Smart Recruitment Utility Library — job matching, resume parsing, validation & response formatting
Project description
☁️ CloudHire AI Utils
Smart Recruitment Utility Library for the CloudHire Platform
A Python library providing intelligent recruitment-related functionalities such as job matching (weighted, TF-IDF, similarity scoring), resume skill extraction, skill normalisation, resume-to-job matching, validation, and response formatting to enhance the efficiency and scalability of the CloudHire platform.
🚀 Why This Library is Important
♻️ Reusability
This library is completely independent of the main CloudHire application. It can be installed and used in any Python project that deals with recruitment, job portals, HR systems, or career platforms. Write once, use everywhere.
📈 Scalability
Each module follows the Single Responsibility Principle — it does one thing well. As the platform grows, you can extend individual modules (e.g., add new scoring algorithms to the recommender) without touching unrelated code.
🏗️ Clean Architecture
The library demonstrates separation of concerns — business logic (matching, parsing, validation) lives in the library, while the web application layer (routes, controllers) stays in the main app. This makes the codebase easier to test, debug, and maintain.
🧠 Intelligence
Rather than simple CRUD operations, this library adds AI-inspired logic such as TF-IDF scoring, Jaccard similarity, and weighted recommendations — demonstrating advanced thinking beyond basic development.
📦 Standards-Compliant
Published as a proper pip-installable package following Python packaging standards (setup.py, pyproject.toml, semantic versioning). Production-ready with built-in logging across all modules.
📦 Installation
From PyPI (after publishing)
pip install cloudhire-ai-utils
From source (local development)
git clone https://github.com/venkatsai/cloudhire-ai-utils.git
cd cloudhire-ai-utils
pip install -e .
🏗️ Library Structure
cloudhire-ai-utils/
├── cloudhire_ai_utils/
│ ├── __init__.py # Package entry point (exports all classes)
│ ├── recommender.py # 🔥 Job Recommendation Engine (weighted + TF-IDF + similarity)
│ ├── parser.py # 📝 Resume Skill Extractor
│ ├── normalizer.py # 🔄 Skill Normalizer (synonym mapping)
│ ├── matcher.py # 🎯 Resume-to-Job Matcher (high-level pipeline)
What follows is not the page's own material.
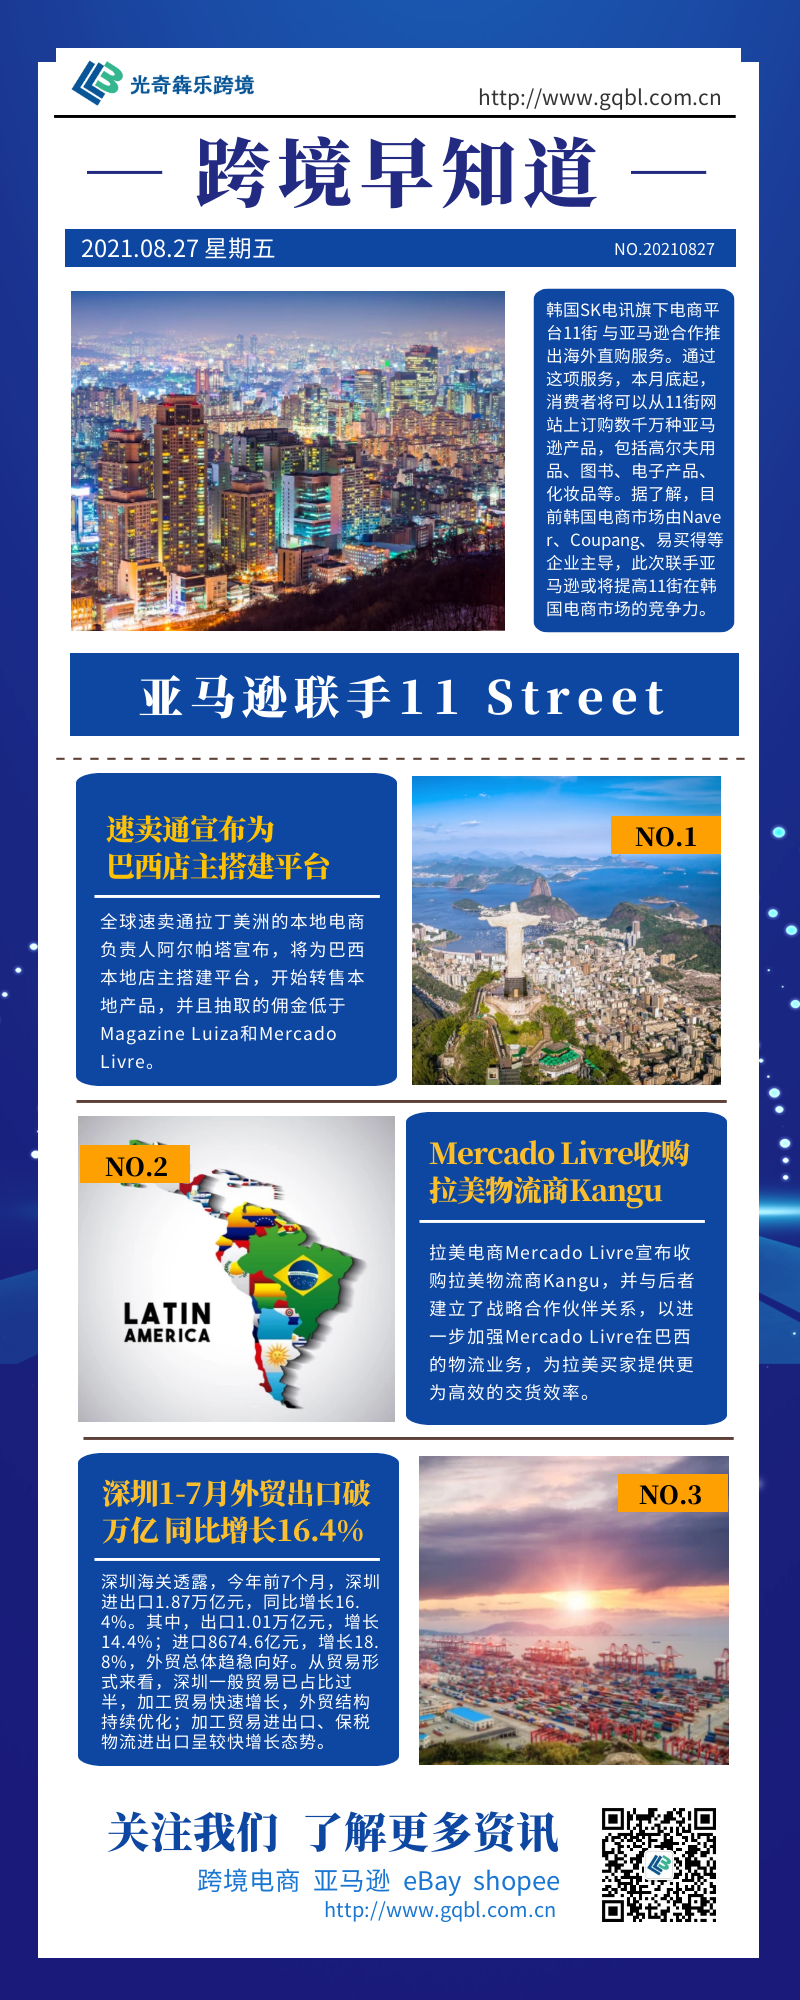 亚马逊联手11 Street在韩国推出海外直购服务

│ ├── validator.py # ✅ Job Validation Module
│ └── formatter.py # 📦 API Response Formatter
├── setup.py
├── pyproject.toml
├── LICENSE
├── test_library.py
└── README.md
⚙️ Modules & Usage
1️⃣ Job Recommendation Engine (recommender.py) 🔥
Matches candidate skills against job listings using 3 scoring strategies:
- Weighted scoring — custom skill weights for prioritisation
- TF-IDF scoring — term frequency-inverse document frequency
- Jaccard similarity — set-based similarity coefficient
from cloudhire_ai_utils import JobRecommender
recommender = JobRecommender(skill_weights={"python": 3, "aws": 2})
jobs = [
{"id": 1, "title": "Backend Developer", "skills": ["python", "sql", "aws"]},
{"id": 2, "title": "Frontend Developer", "skills": ["react", "css", "javascript"]},
{"id": 3, "title": "Data Scientist", "skills": ["python", "machine learning", "pandas"]},
]
# Weighted scoring (default)
results = recommender.recommend_jobs(["python", "aws"], jobs)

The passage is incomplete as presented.